While human rights became the hottest issue during two days of preliminary discussions, the two-day summit was intended to focus on how to overcome the global financial crisis and move forward on economic, political and security integration.

ASEAN was set to endorse an early warning system to defuse regional conflicts that could derail its goal of becoming a European Union-like community by 2015, according to a confidential document obtained by AP. The blueprint for peace in the highly diverse region where conflicts still erupt was to be adopted Sunday.

“More efforts are needed in strengthening the existing modes of pacific settlement of disputes to avoid or settle future disputes,” says the final draft of the ASEAN Political-Security Community Blueprint. It outlines a long wish list, ranging from fighting piracy, terrorism and cyber crime to promoting democracy and good governance.

But officials stressed that numerous stumbling blocks remain to true economic, political and security integration.

“The European Union has been and remains our inspiration, not our model. Not yet anyway,” ASEAN Secretary-General Surin Pitsuwan said.

He said that for the foreseeable future economic integration was largely about dropping trade barriers and that a common currency was probably “a long, long way off.”

ASEAN, which encompasses a region of more than 500 million people, includes among its members two communist regimes, two constitutional monarchies, a military dictatorship and fledgling democracies.

While Southeast Asia has not seen major conflicts since the Vietnam War era, tensions and confrontations persist. Thailand and Cambodia narrowly avoided a shootout last year in an ongoing dispute over an ancient temple along their common border, and territorial claims remain unresolved in the resource-rich South China Sea. Bloody Muslim insurgencies also plague southern Thailand and the southern Philippines.
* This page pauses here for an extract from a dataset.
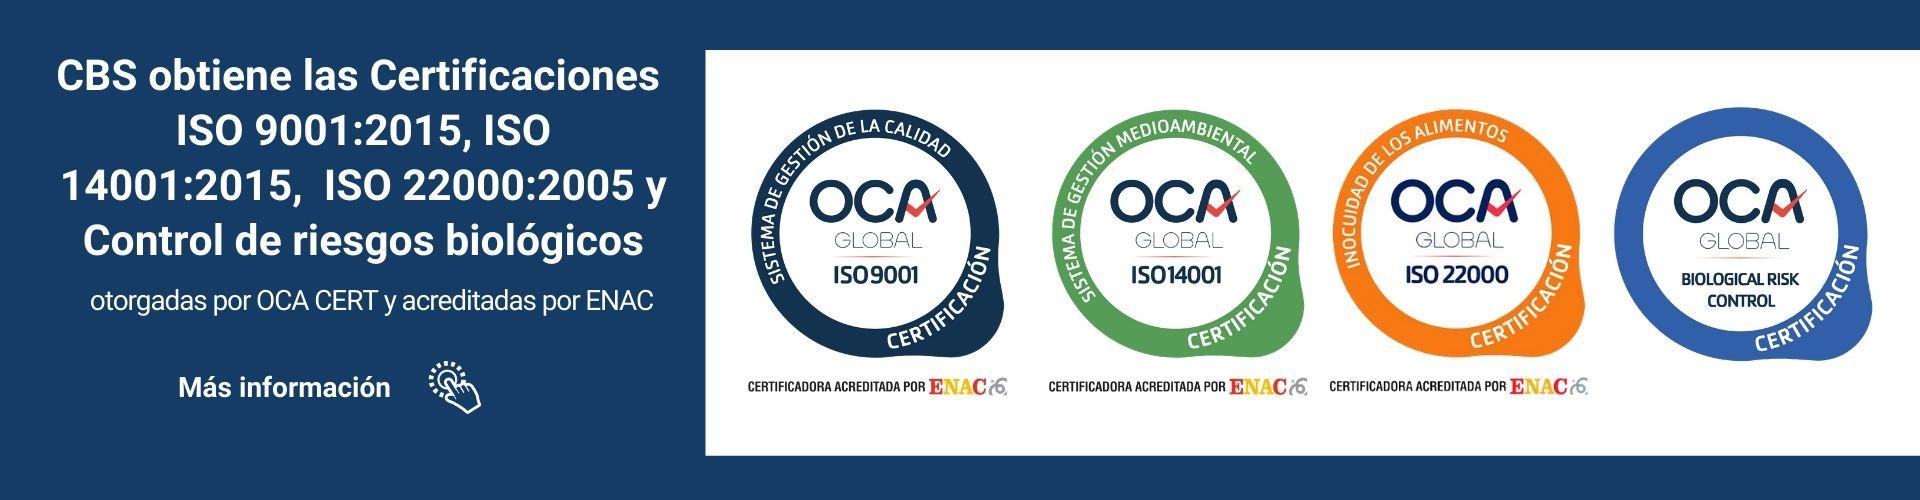 CBS-obtiene-las-Certificaciones-ISO-9001-ISO-14001-ISO-22000-OCA-CERT-y-ENAC

Not spelling out details, the blueprint calls for an early warning system “based on existing mechanisms to prevent occurrence/escalation of conflicts.” It also outlines intensified cooperation among the bloc’s military forces.

The summit is the first since the group signed a landmark charter in December making ASEAN a legal entity and moving it a step closer to its goal of integration.

ASEAN’s 10 members include Brunei, Cambodia, Indonesia, Laos, Malaysia, Myanmar, the Philippines, Singapore, Thailand and Vietnam.